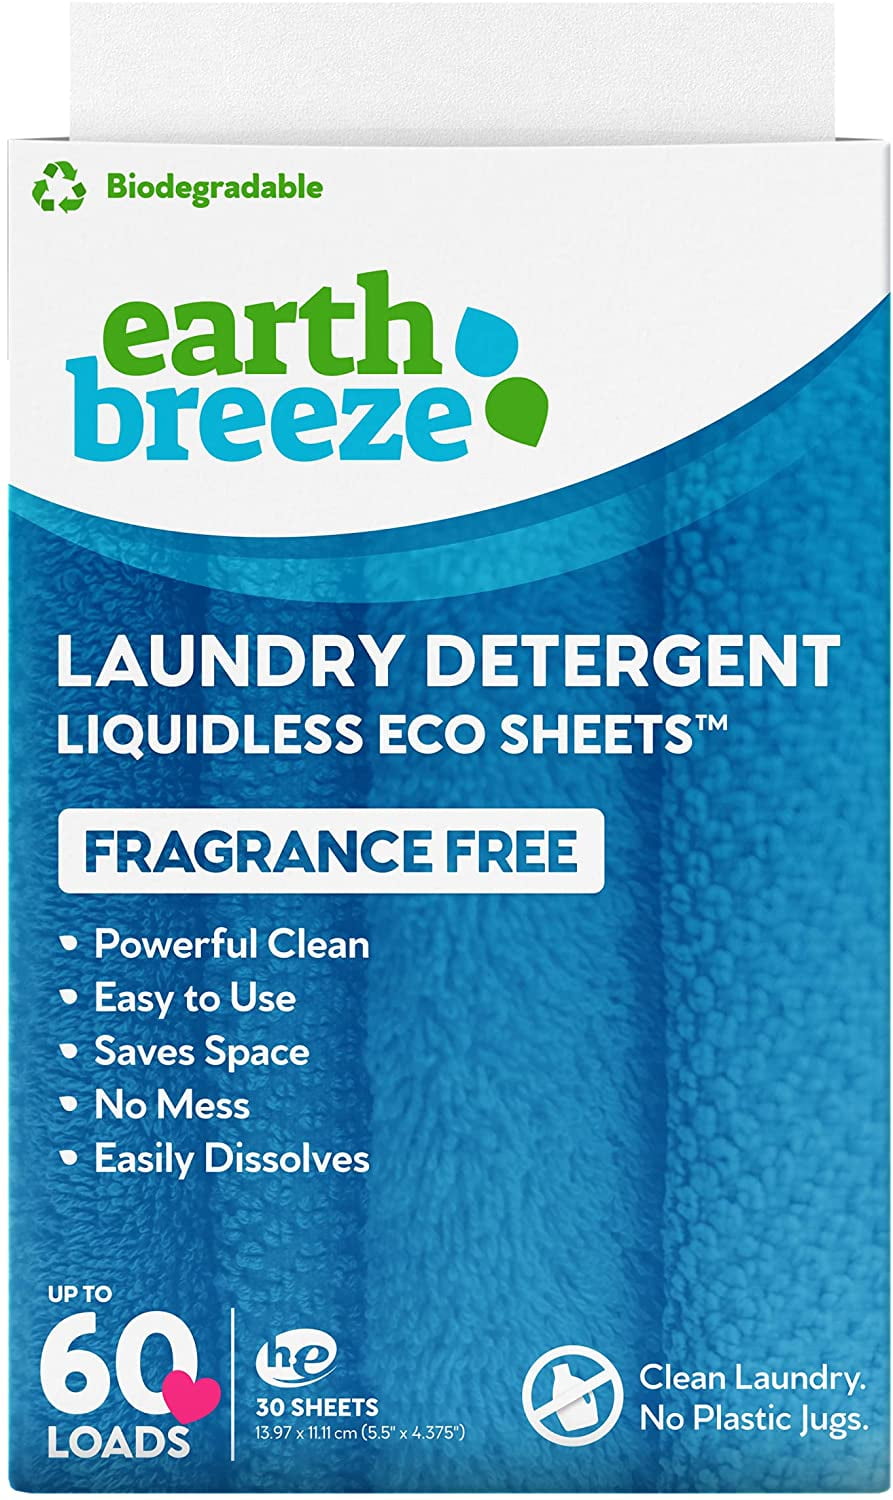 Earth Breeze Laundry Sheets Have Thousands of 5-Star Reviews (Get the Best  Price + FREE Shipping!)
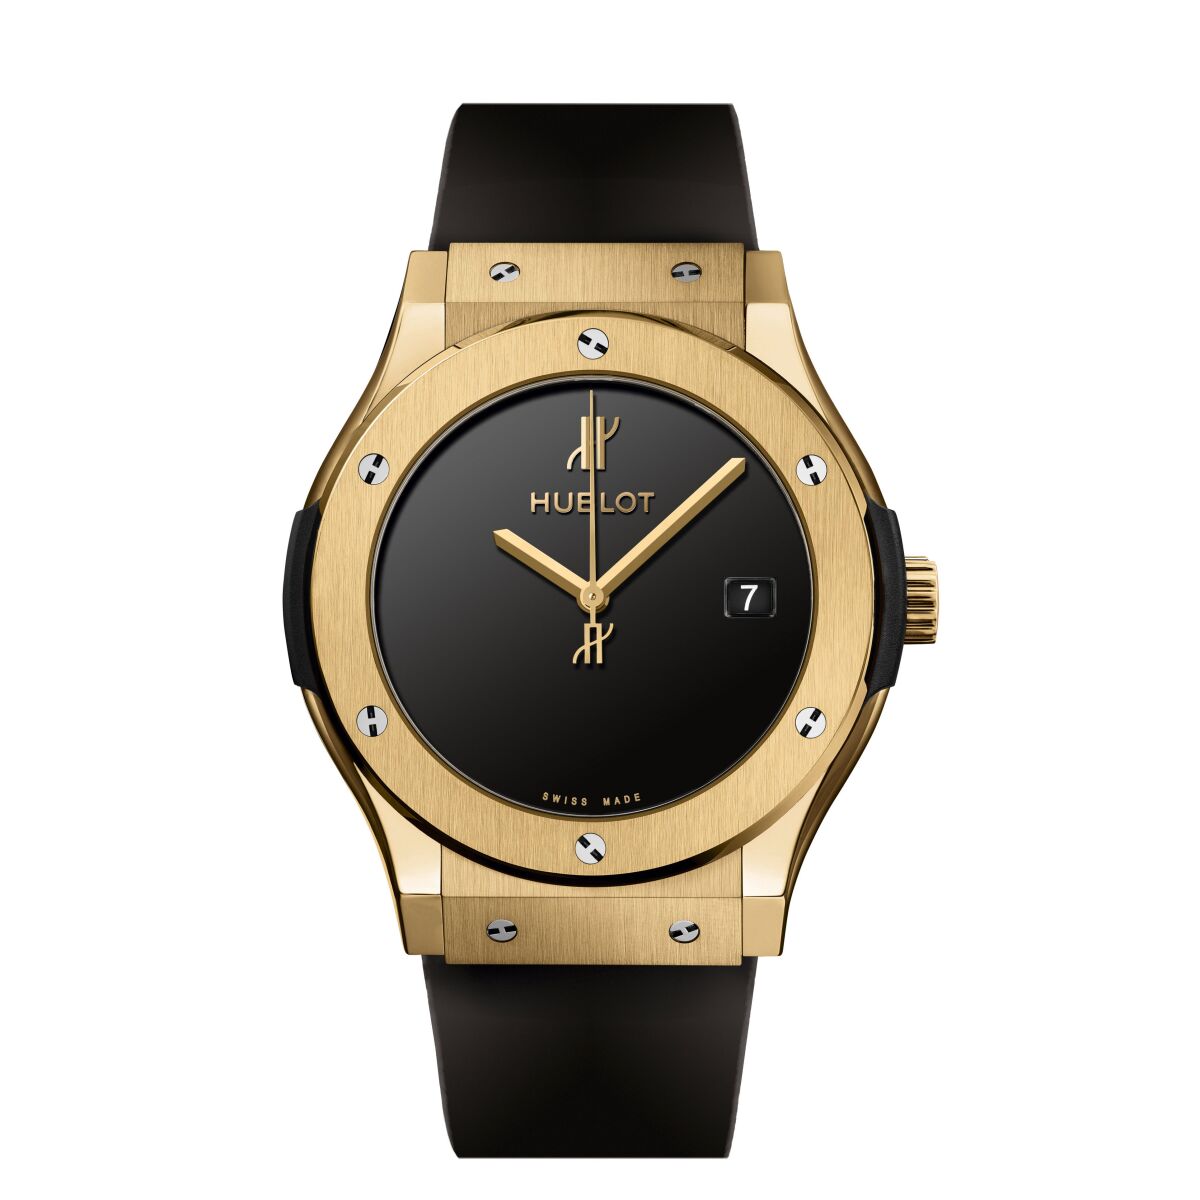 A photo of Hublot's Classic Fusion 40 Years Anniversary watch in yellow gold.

...

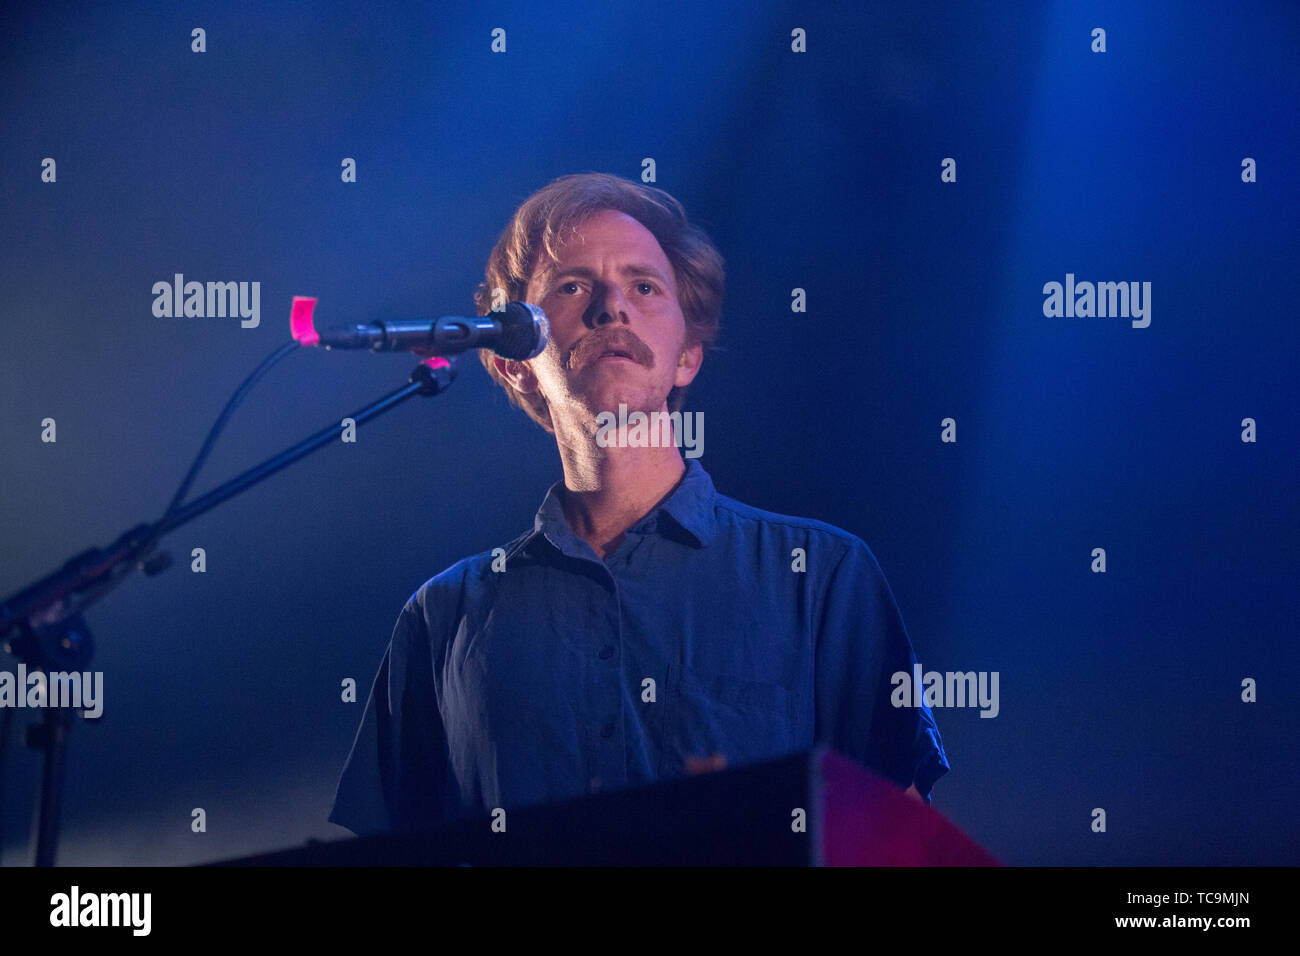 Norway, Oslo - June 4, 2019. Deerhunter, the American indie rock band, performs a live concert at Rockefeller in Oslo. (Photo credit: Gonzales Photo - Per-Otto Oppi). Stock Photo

TO DO:
Starting at the line above that has "Earth Breeze Laundry" and ending at the line that has "A photo of Hublot's", copy each line exactly, leaving the pictures out and adding nothing.

THE ANSWER:
 Earth Breeze Laundry Sheets Have Thousands of 5-Star Reviews (Get the Best  Price + FREE Shipping!)
 A photo of Hublot's Classic Fusion 40 Years Anniversary watch in yellow gold.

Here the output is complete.